The Fig. 17 demonstrates the widely used and basic design of a symmetric six-transistor (6T) structure, which serves as the fundamental topology for CMOS SRAM cells. At the heart of this structure are two interconnected inverters which retain a distinct logical state in the Q and \({\overline{\text{Q}}}\) nodes. These nodes can be interacted with either ‘read’ or ‘written to’ by using the bit-lines (BLs) via the access transistors (ATs), contingent upon the signal from the word-line (WL). Otherwise, the voltage levels at nodes Q and \({\overline{\text{Q}}}\) remain constant during the hold state.

Figure 17
figure 17

6T-SRAM designed with two cross-coupled inverters and two access transistors.

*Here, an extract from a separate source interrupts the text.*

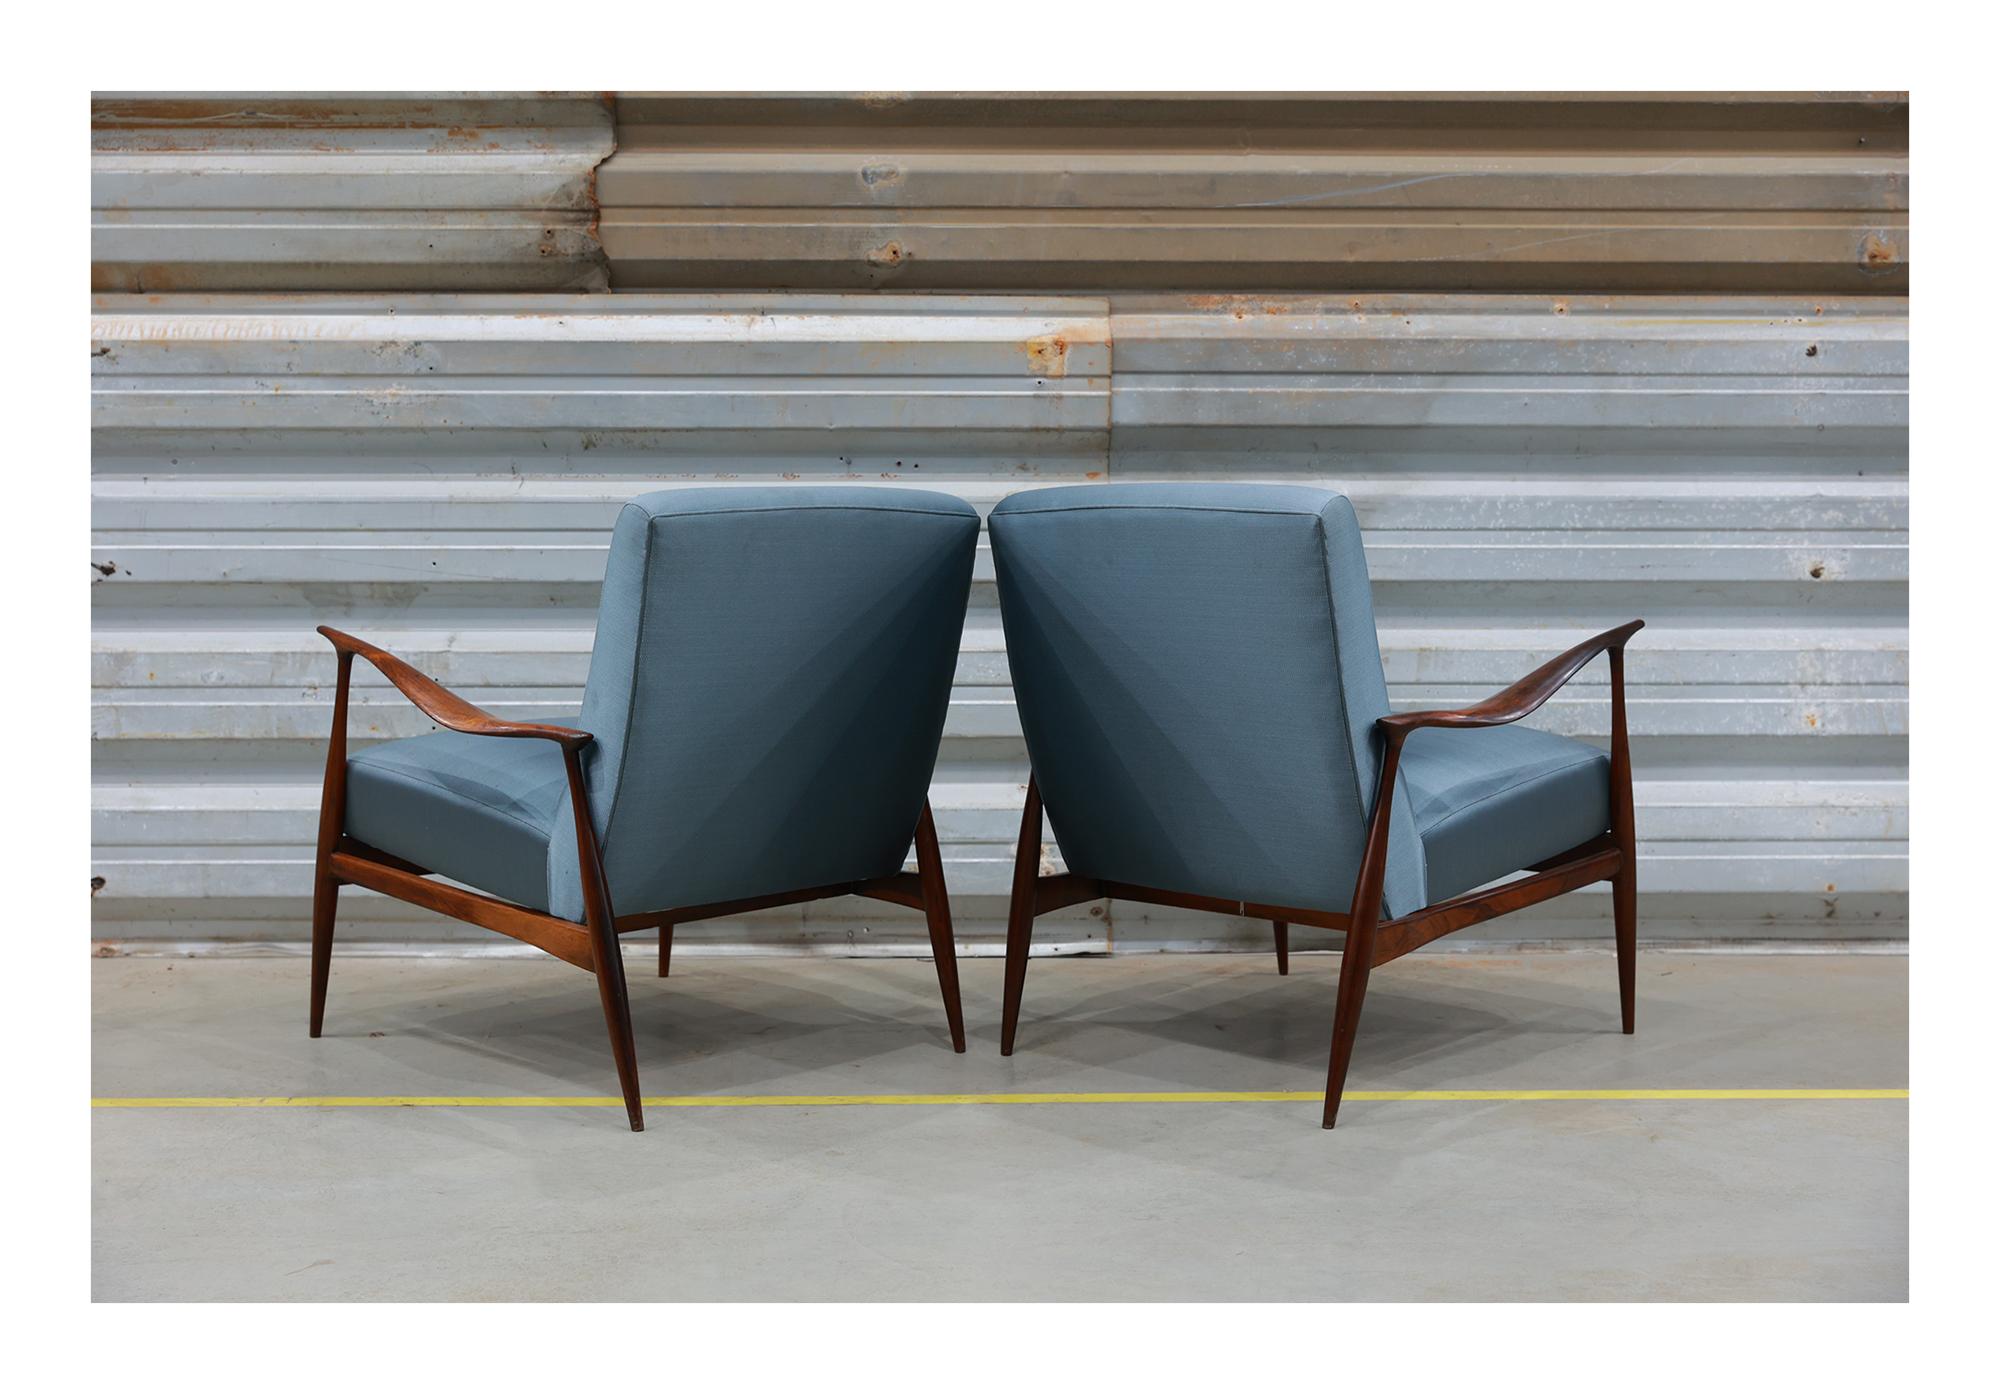 20th Century Brazilian Modern Armchairs in Hardwood and Blue Fabric, Giuseppe Scapinelli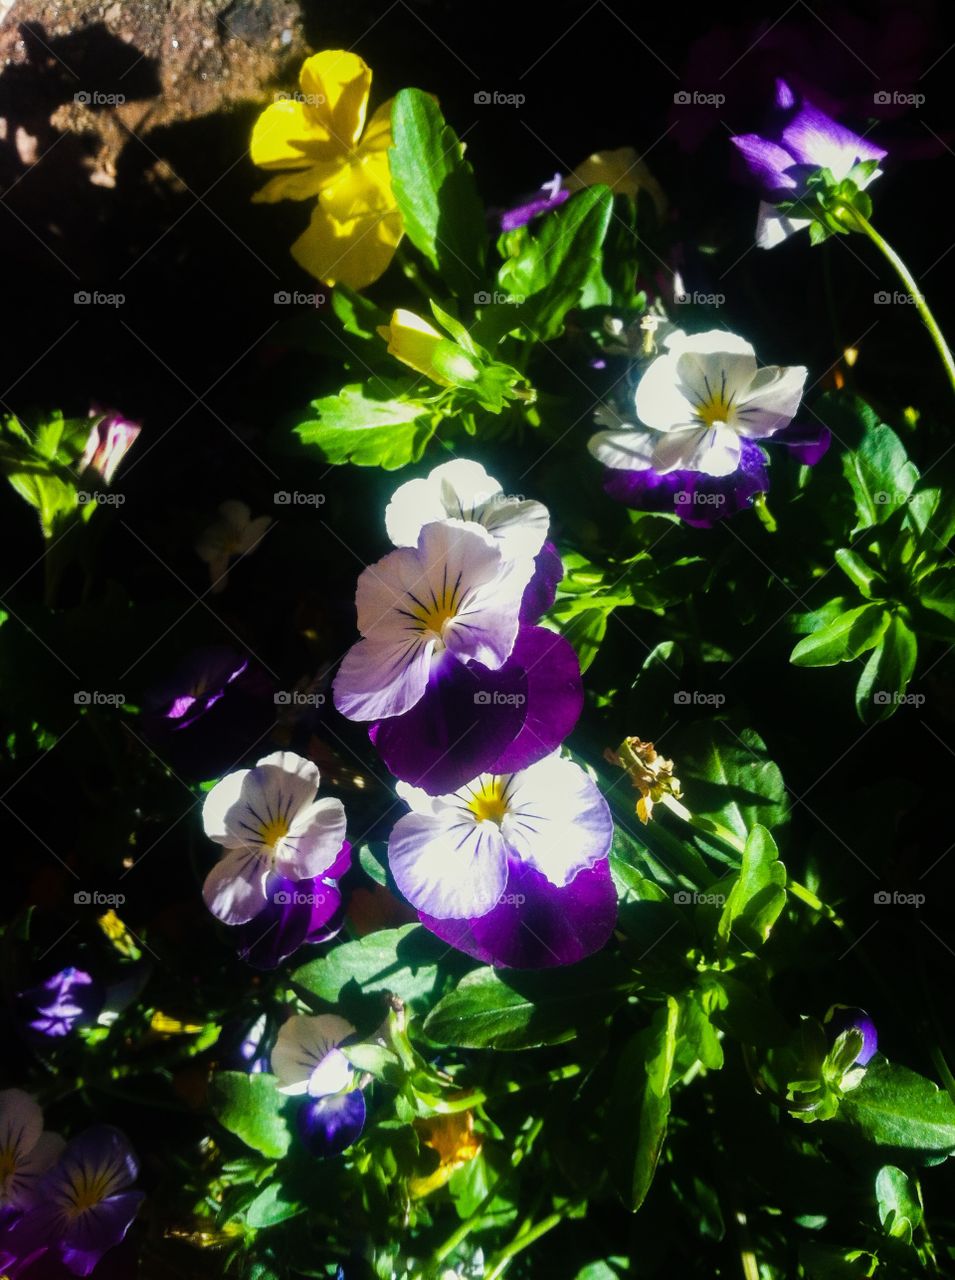 Bright purple and yellow pansies, wild flowers in a park

The stability of SRAM is commonly assessed through its static noise margin (SNM), which indicates the maximum level of noise voltage at the inverters output that the SRAM can withstand without altering the memory cell’s contents. SNM is graphically determined from the butterfly curves of the SRAMs. It is defined as the minimum length of the sides of the two largest squares that can fit within the two lobes of the butterfly curve, as illustrated in Fig. 18. Figure 18 demonstrates that the hold SNM is superior in DG SRAM compared to conventional SRAM based on SG. This improvement in hold SNM is attributed to the rapid output transition in the hybrid SRAMs.

Figure 18
figure 18

Butterfly curve for the 6T-SRAM cell with SG and DG GNR-FETs.

Conclusion

This paper focuses on evaluating the impact of single-gate (SG) and double-gate (DG) structures on the analog/RF figures-of-merit (FoMs) of graphene nanoribbon field-effect transistors (GNR-FETs). The research demonstrates that the double-gate structure exhibits significantly superior analog/RF figures-of-merit (FoMs) compared to the single-gate structure. The DG GNR-FET demonstrates a current ON/OFF ratio that is 409% higher than the SG GNR-FET. Additionally, the transconductance, transconductance generation factor, and intrinsic gain of the DG GNR-FET are 59.1%, 26.2%, and 197% superior to those of the SG GNR-FET, respectively. The study also reveals significant changes in RF FoMs. The cut-off frequency of the DG GNR-FET device is 11.4% higher than that of the SG GNR-FET device. Furthermore, the TFP, GFP and GTFP are 43.7%, 23.5% and 17.5% higher, respectively, compared to the SG device structure. These improvements can be attributed to the superior electrostatic control of the channel provided by the double-gate structure. These results hold significant value for the design of nanoscale devices intended for high-frequency applications. Based on these findings, it is suggested that the DG GNR-FET structure is more prominent when considering the analog/RF performance evaluation of the device.